Draco not Deathmunch.
"Waddaya think you evil little-," I can't think of an insult! Damn! "Um... Blonde!"
Draco not Deathmunch.
"Um... okay. Whatever floats your boat. Night Mudblood."
Draco not Deathmunch.
"Night Deathmunch."
Shit.
Chapter V: Meet the Gang
First Person (Hermione):
After waking up from the completely evil bed of sleep (I say evil because... well... I... um... I want to! And because it's so damn soft. It's like "I didn't know Serta could ship to Hogwarts!" I guess those sheep can fly... back to the evil story...) to walk into the hallway to find the equally evil, Draco Malfoy.
Equally evil, yet much hotter. Sorry sheep but there's no competition.
Now here's the choice; A: I face the evil Serta Sheep or B: I face the evil yet hott Draco Malfoy. Ah... decisions, decisions...

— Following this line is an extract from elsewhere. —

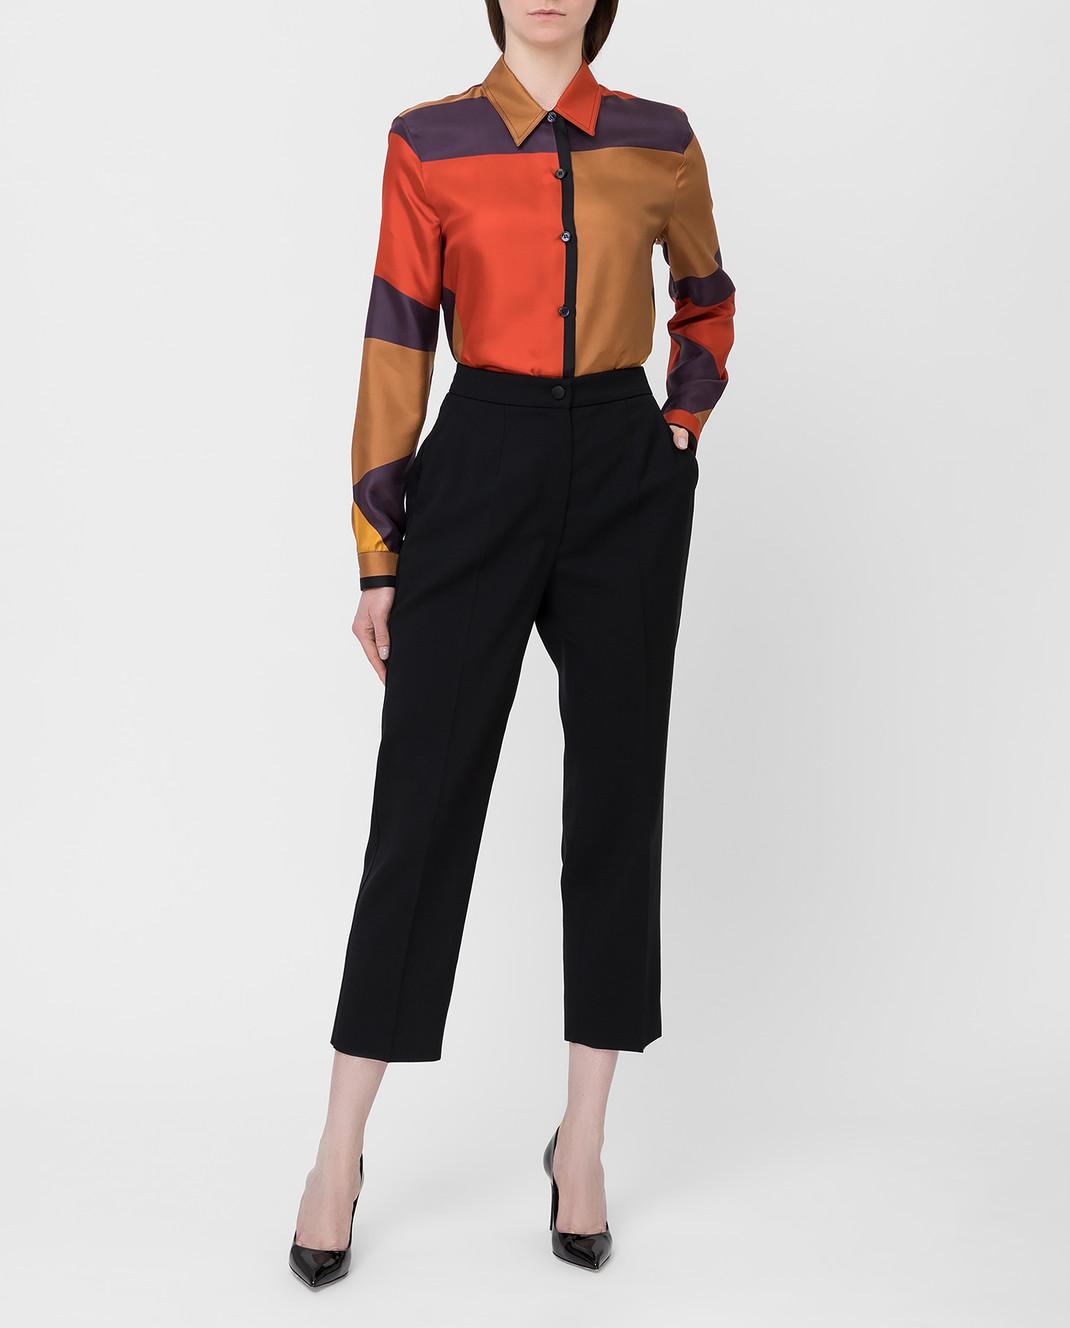 Bottega Veneta Коричневая рубашка из шелка 538599 изображение 2

A/N: For those of you who don't know what the heck I'm talking about, Serta is a kind of mattress and the Serta Sheep are their mascots. It's from an American Commercial. And if anyone's wondering how the heck Hermione would know about an American Commercial, let's just say she visited some distant cousins in the U.S. and they helped her edge towards her "new" self by getting her addicted to the TV.

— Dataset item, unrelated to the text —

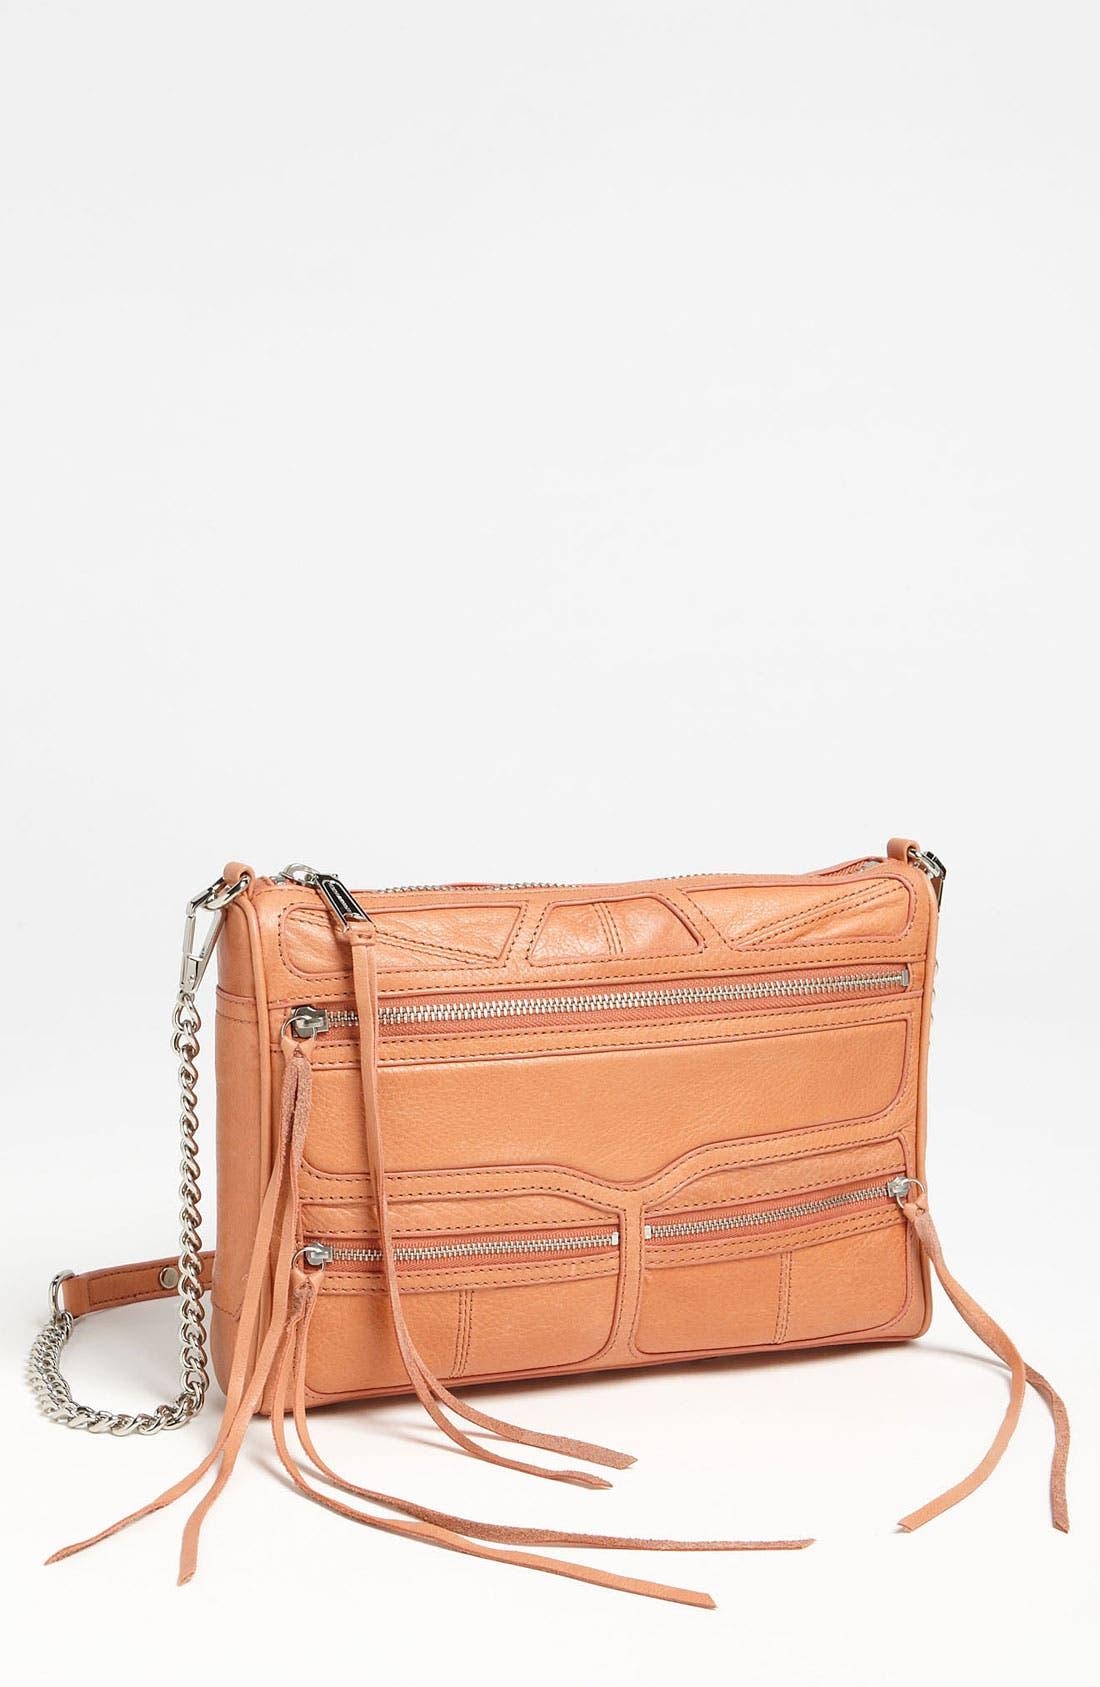 Main Image - Rebecca Minkoff '3 Zip MAC' Shoulder Bag

"Mudblood, why are you staring at my arse?"
Oh, shit. He's found my weakness.
"What ferret boy? Oh, that... I was... er... just imagining how it would look with a broom stuck in it." Oh snap.
Now that I think about it, a broom in your butt would really hurt. Remind me to restrain Harry and Ron next time they're holding a broom and are mad at Malfoy...
"Um... Okay... Why so violent today? And yesterday for that matter..."
"I don't know. I'm bored..." Oh crud. Did I just tell Dr- Malfoy something that's true? Oh god. "I mean, BECAUSE I FEEL LIKE IT!" There we go!
"Okay, then..." Malfoy said before muttering something about "mudbloods" and "mood swings."
Evil Son-of-a-death-eating-ferret bas... dweeb.
For some reason I have trouble calling hott people bast... idiots.
Not that I'm saying that Malfoy's hott or anything...
Okay so maybe just a little...
Oh well, I'll work on this during a free period.
Anywho, while I was contemplating Draco (A/N::sigh:) he managed to slip downstairs and through the portrait hole. Coward.
Woo-Hoo! Time for breakfast. The most important meal of the sucky-first-day-of-school day! YEAH!
Oooookkkkkaaaaayyyyy... Now that I got that bit of weirdness out of my system, we can proceed down to breakfast...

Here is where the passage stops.